_INSTRUCTIONS FOR THE TASK_: Could you give back exactly the lines below from the one with "Tutorial Gattino Amigurumi" through the one with "Traditions Deluxe Bingo Set", without a single picture?

_TASK MATERIAL_:
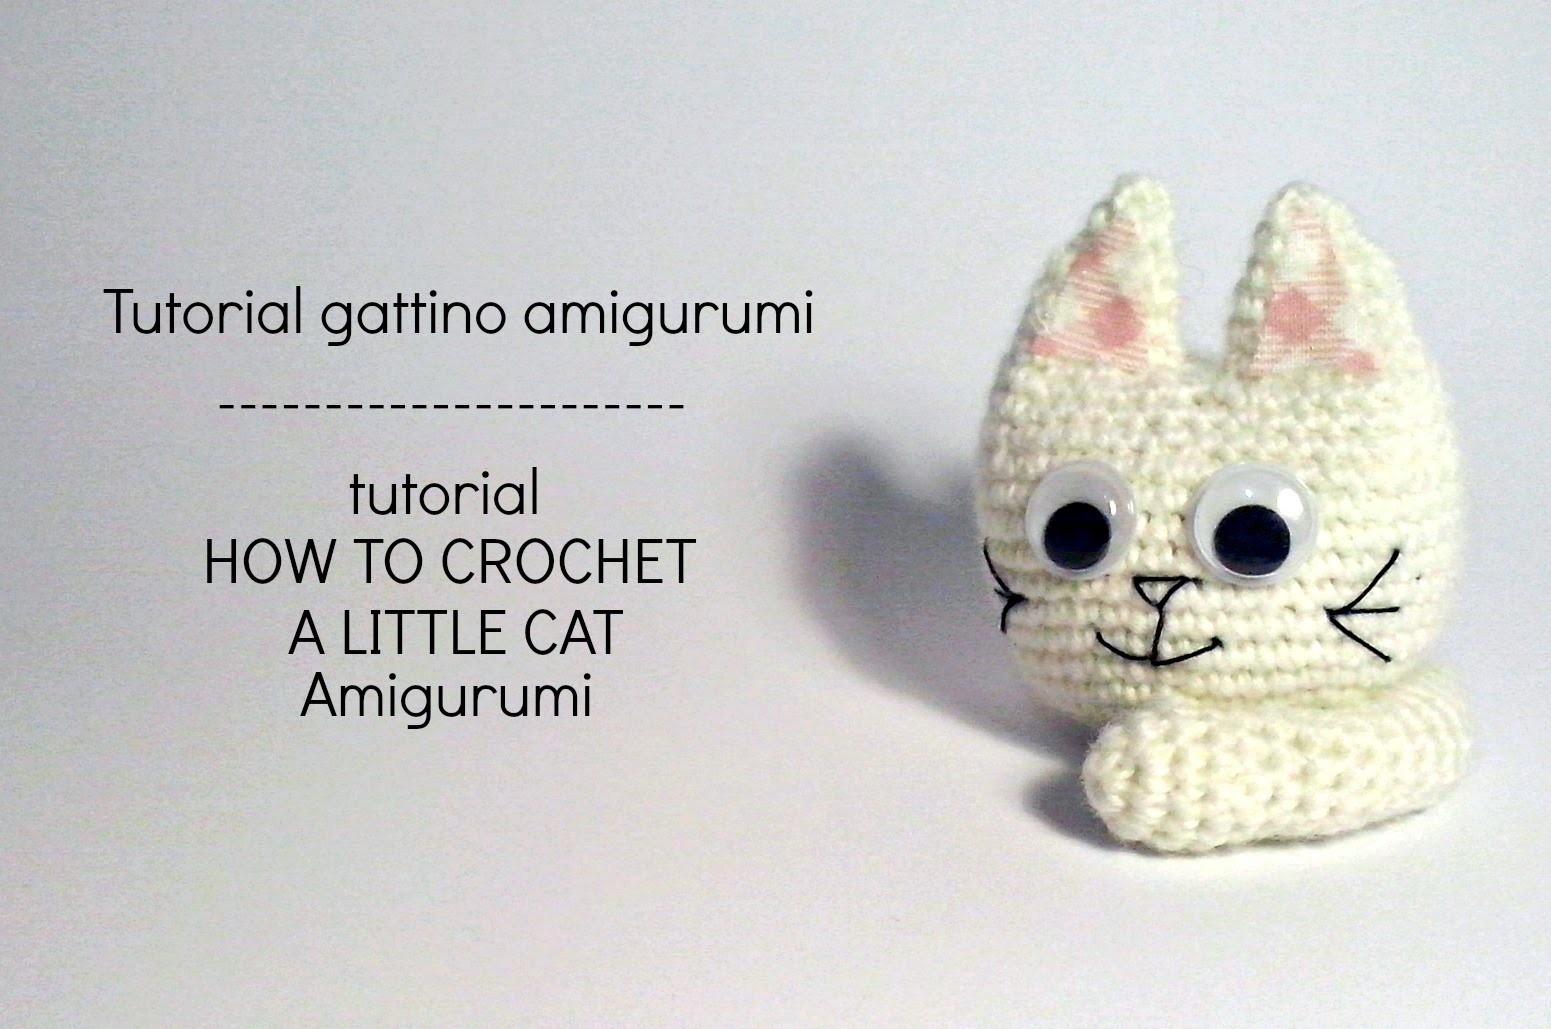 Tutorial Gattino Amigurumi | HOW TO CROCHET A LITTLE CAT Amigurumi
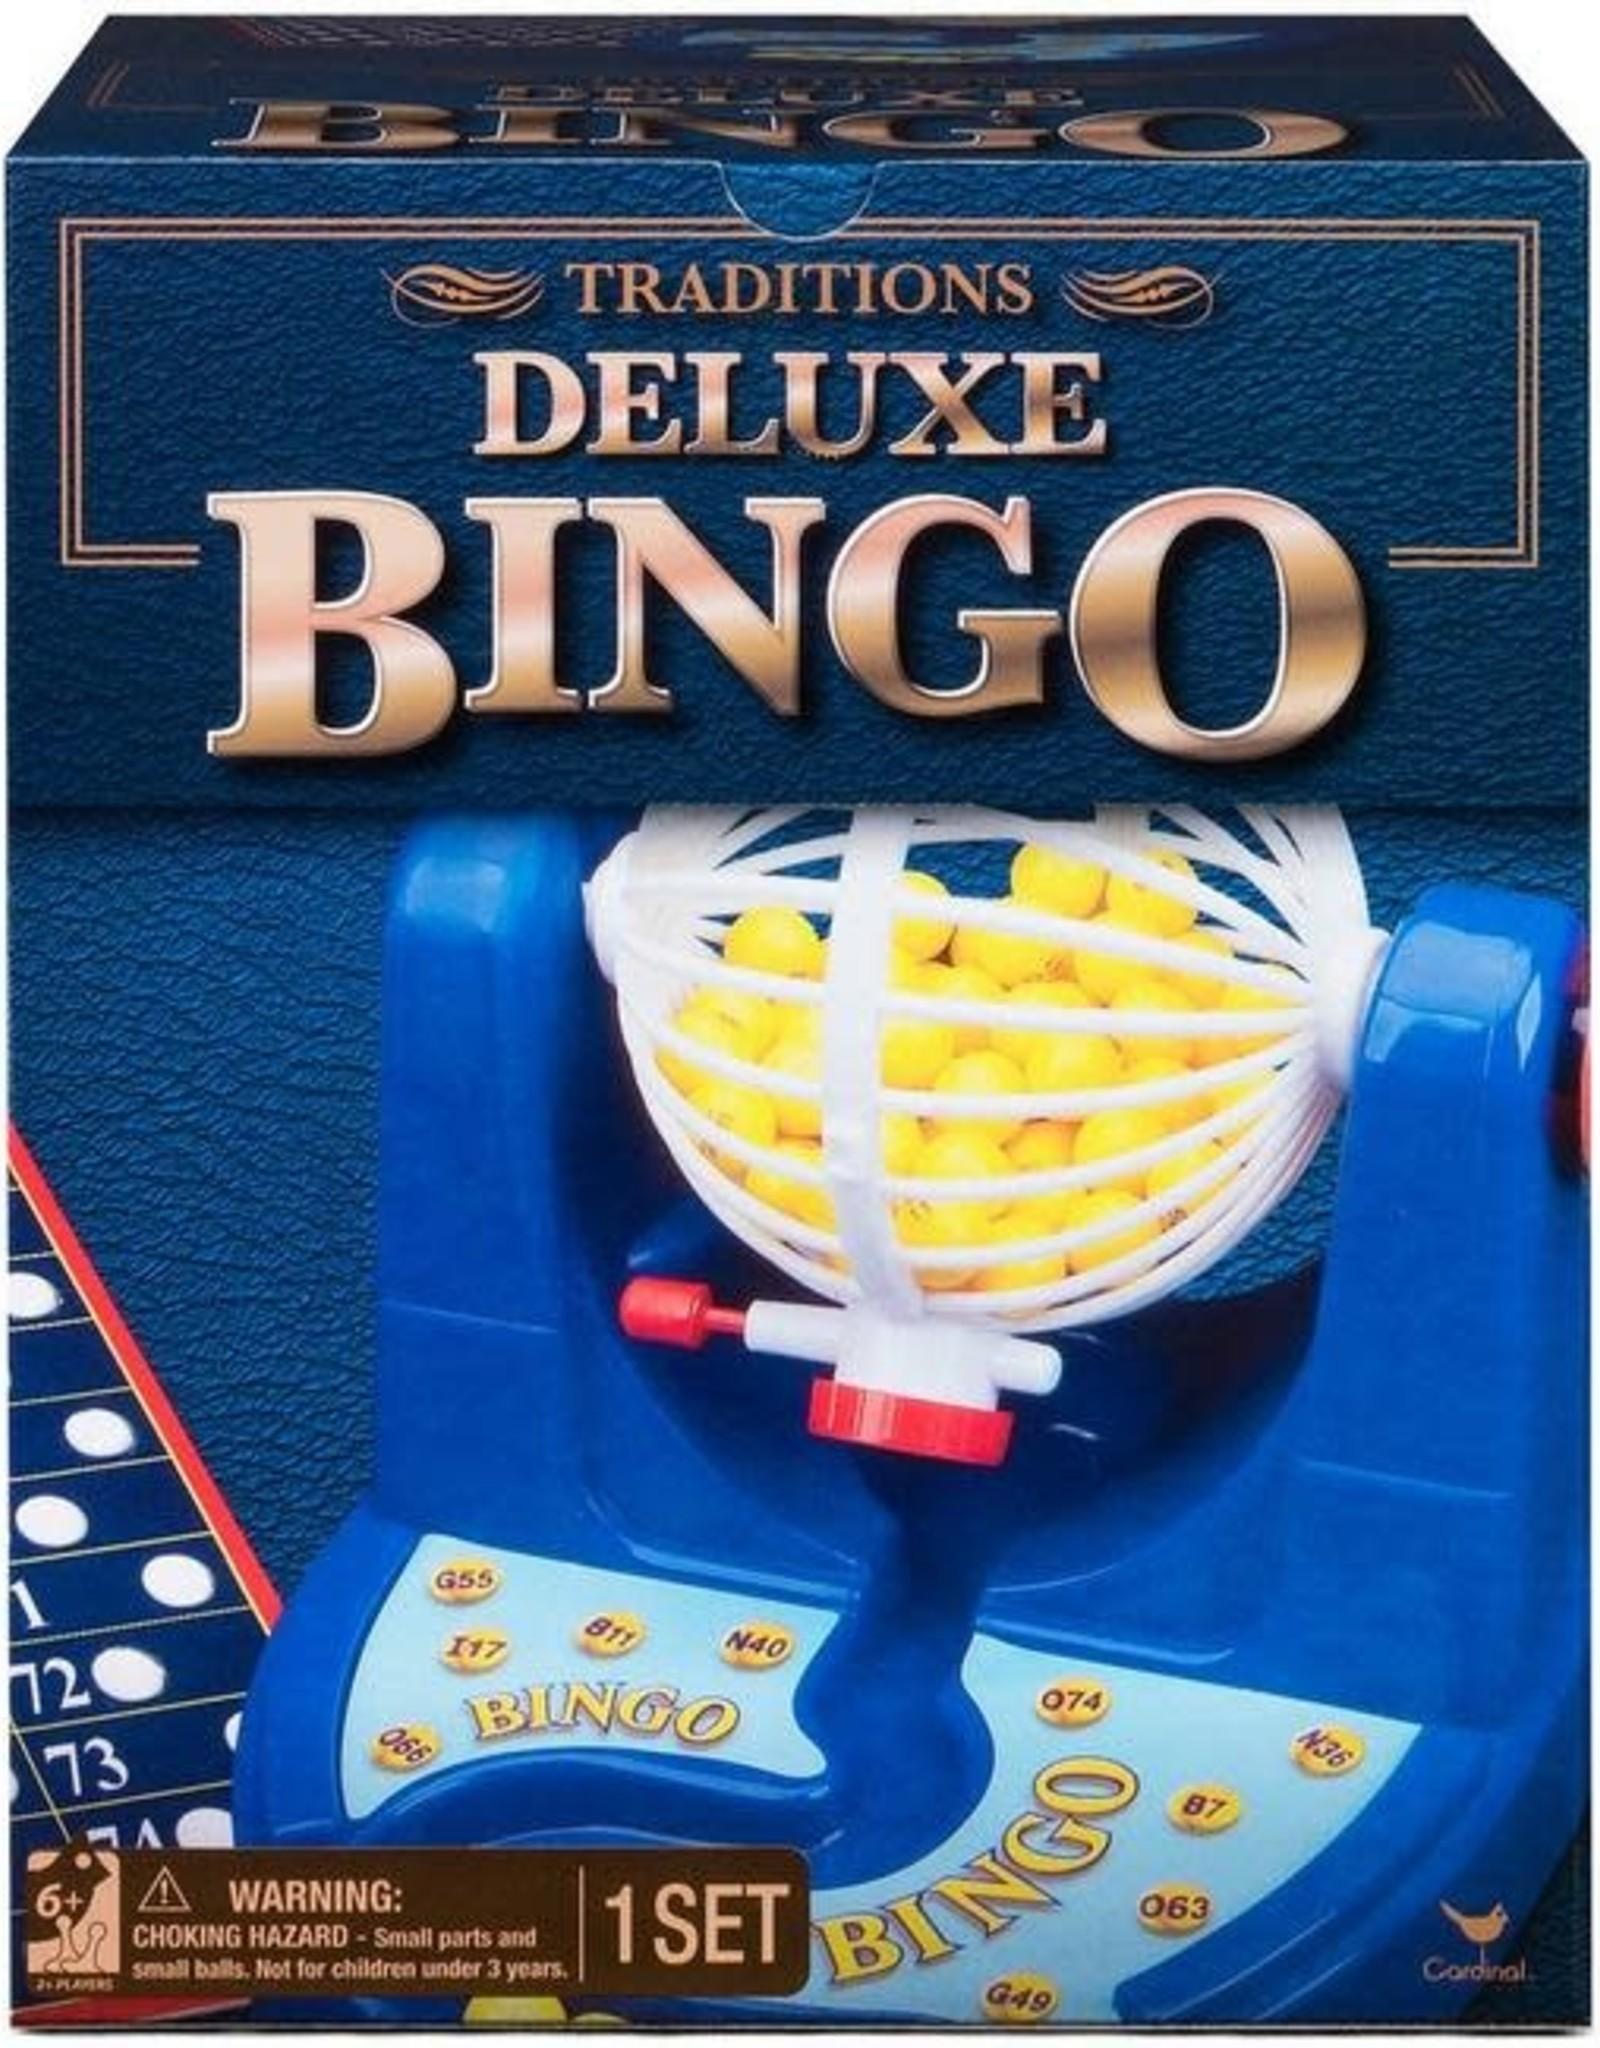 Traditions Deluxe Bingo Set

...

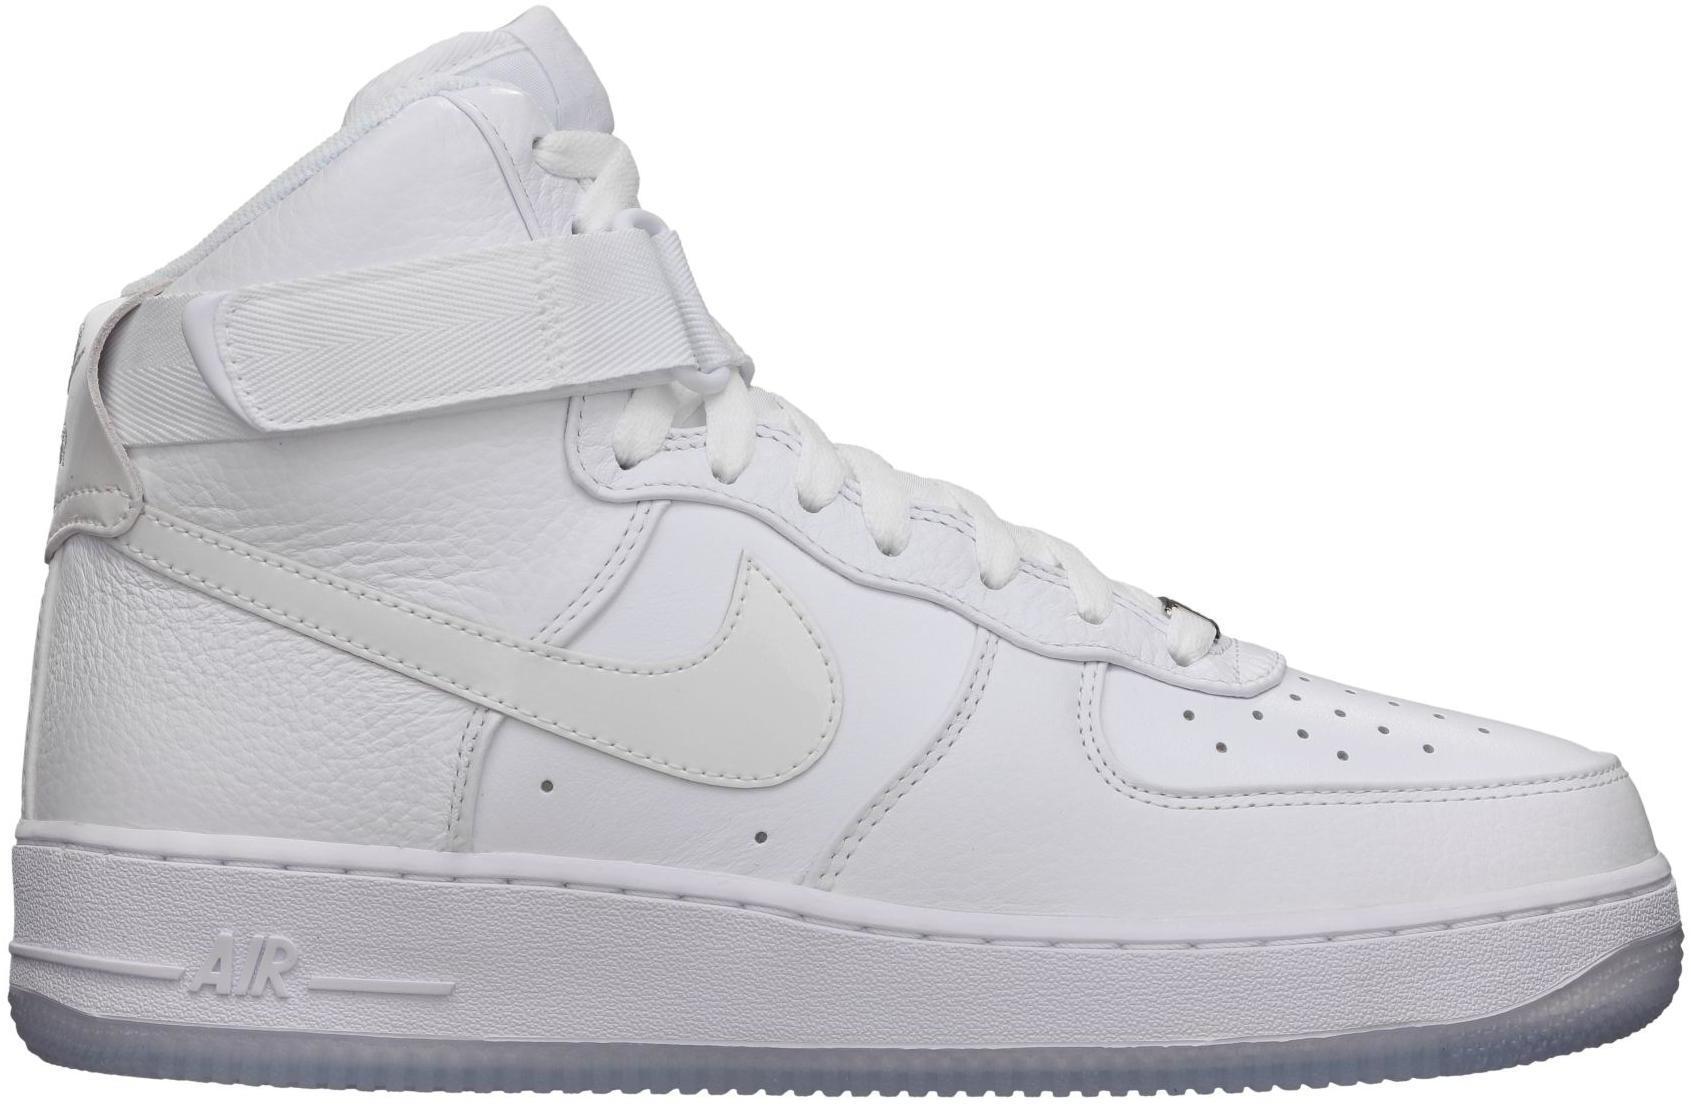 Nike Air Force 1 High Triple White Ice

* * *

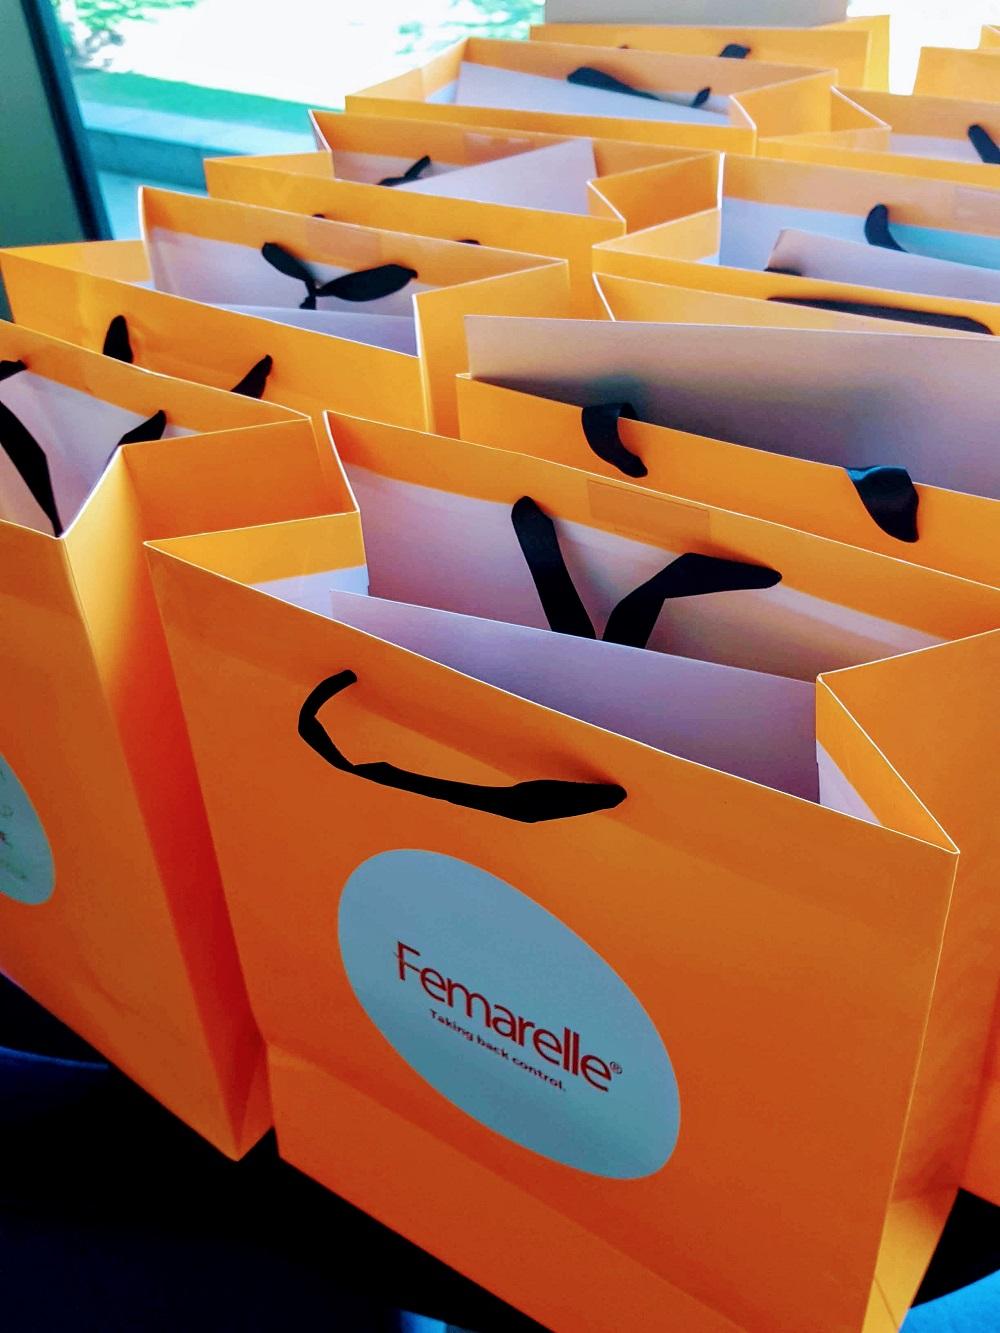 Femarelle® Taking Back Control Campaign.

_SOLUTION TO THIS TASK_:
 Tutorial Gattino Amigurumi | HOW TO CROCHET A LITTLE CAT Amigurumi
 Traditions Deluxe Bingo Set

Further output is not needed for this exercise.